Scientists Pursue Optical Breakthroughs That Could Boost Bandwidth, Free Space Optics

Two teams of researchers pursuing optical breakthroughs got a boost from the Optica Foundation, which gave each team $100,000 in grants. One team is looking at boosting bandwidth, while the other is looking to improve free space optics.

Optica is an American scientific society for optics and photonics.

Boosting Optical Bandwidth

A team led by Dr. Ying Xue from The Hong Kong University of Science and Technology aims to help networks become capable of processing the immense amount of data being produced globally.

The amount of data growth is so great that silicon-based integrated circuits and systems are becoming bottlenecks. Although some potential solutions have emerged, those solutions have been hampered by fabrication, production and economic constraints.

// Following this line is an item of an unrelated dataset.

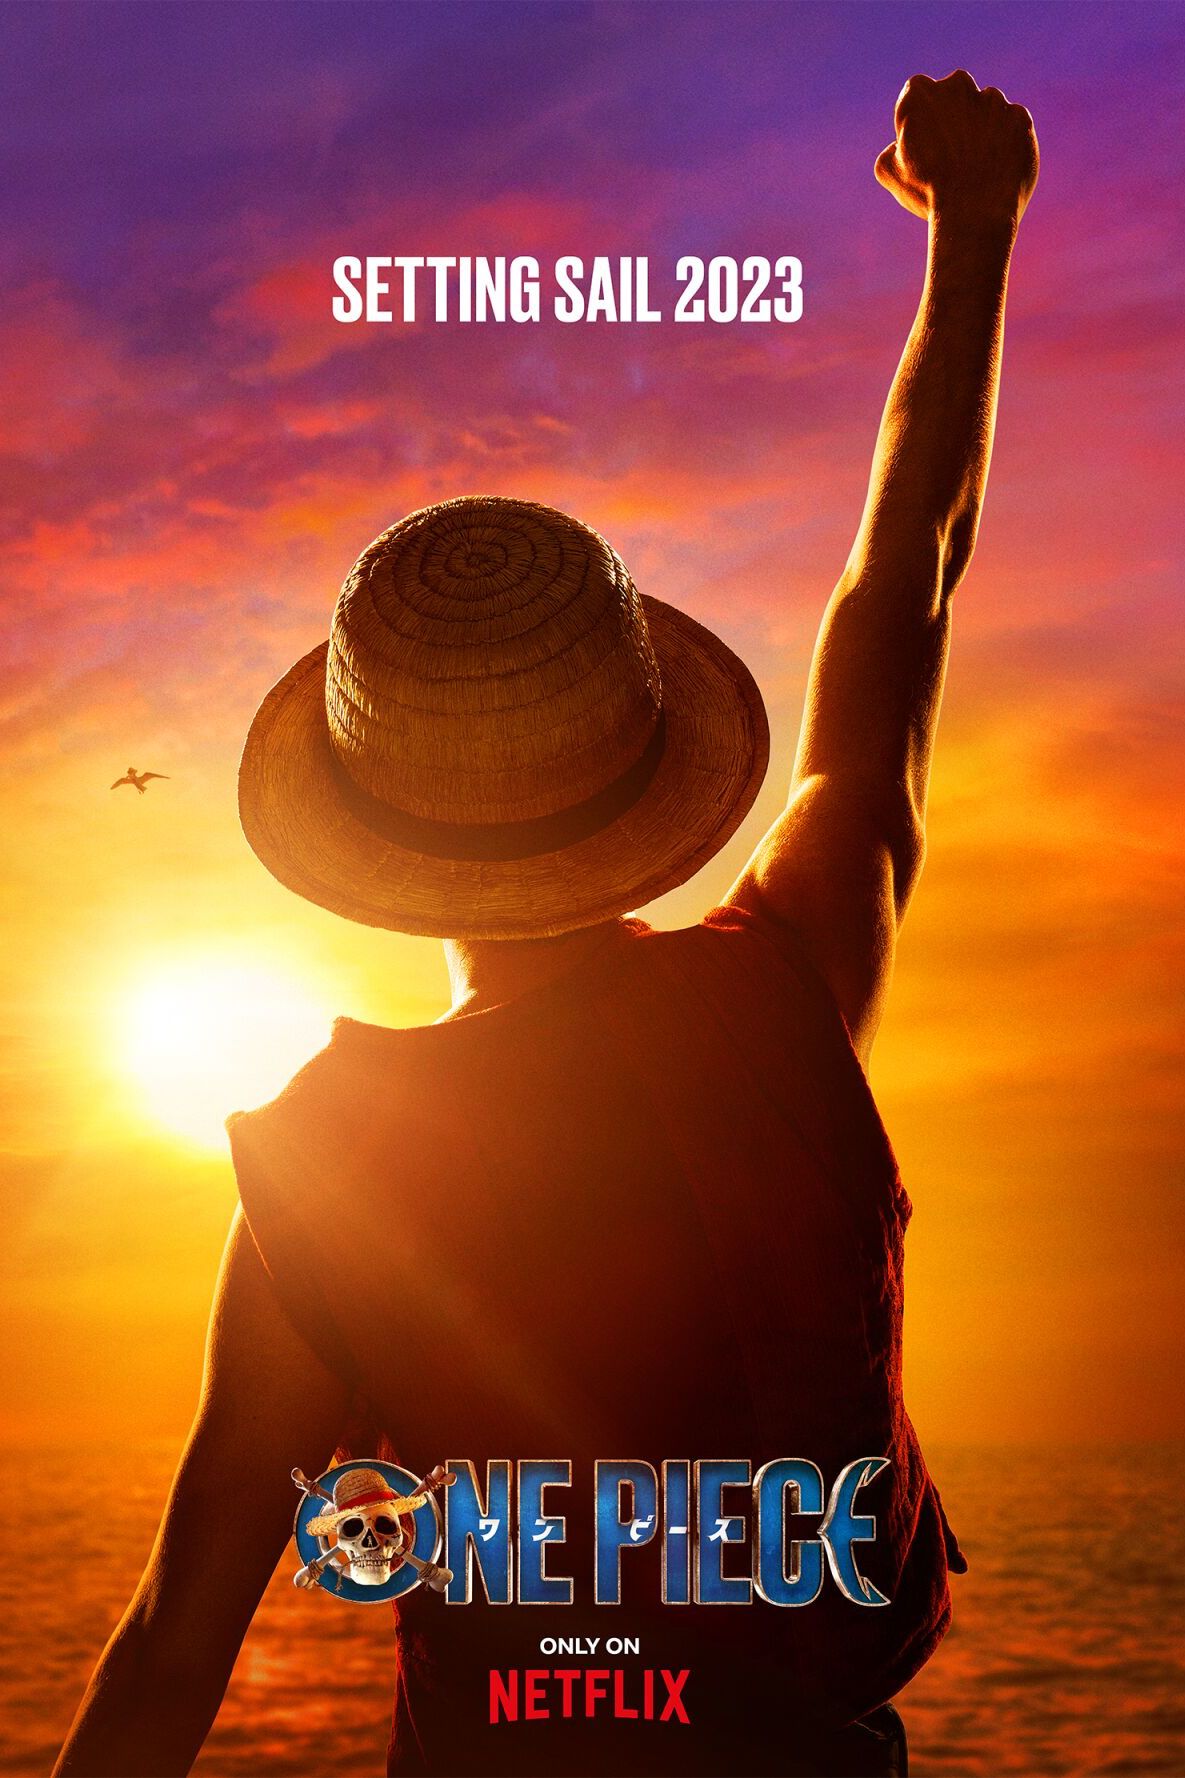 One Piece Netflix Teaser Poster

Xue and her team were awarded the grant for work on an integration method called lateral aspect ratio trapping (LART). According to a release issued by Optica Foundation, LART enables placement of high-performance lasers precisely where they are needed in a photonic integrated circuit.

Within six months, the researchers expect to conduct experiments to fine-tune and gather information on designs for electrically pumped lasers in silicon photonics.

“This is complex work, but it will address the issues of integrated photonics delivering on the promises of silicon photonics,” Xue said in a prepared statement.

“We are looking at the complete functionality of a photonic integrated circuit on silicon, enabling large bandwidth, low cost, and the integration of electronics on the same chip. It will open new opportunities in research and industry.”

Free Space Optics

A team led by Dr. Ahmed Dorrah from the Harvard John A. Paulson School of Engineering and Applied Sciences is focused on making terahertz radiation for free space optical communications, which uses light propagating in free space to wirelessly transmit data traffic.

Terahertz radiation offers larger bandwidth than current wireless standards “with minimal external effects,” according to Optica. But using terahertz radiation has been hindered by the shortage of affordable cameras with the correct attributes to detect and read light signals.

By developing efficient schemes for sensing and generating THz beams, Dorrah believes he can leverage them for use in FSO communications and beyond.

The researchers aim to make terahertz communications practical by addressing that limitation. The research is on metasurfaces, which are flat optics structures “designed to control light, to convert any one-dimensional THz power detector array to a full two-dimensional wavefront camera for capturing light signals.”

In essence, the metasurface “performs a set of operations on incoming light and projects the result onto a power detector, enabling the full reading of the THz beam profile with high resolution and over broadband.”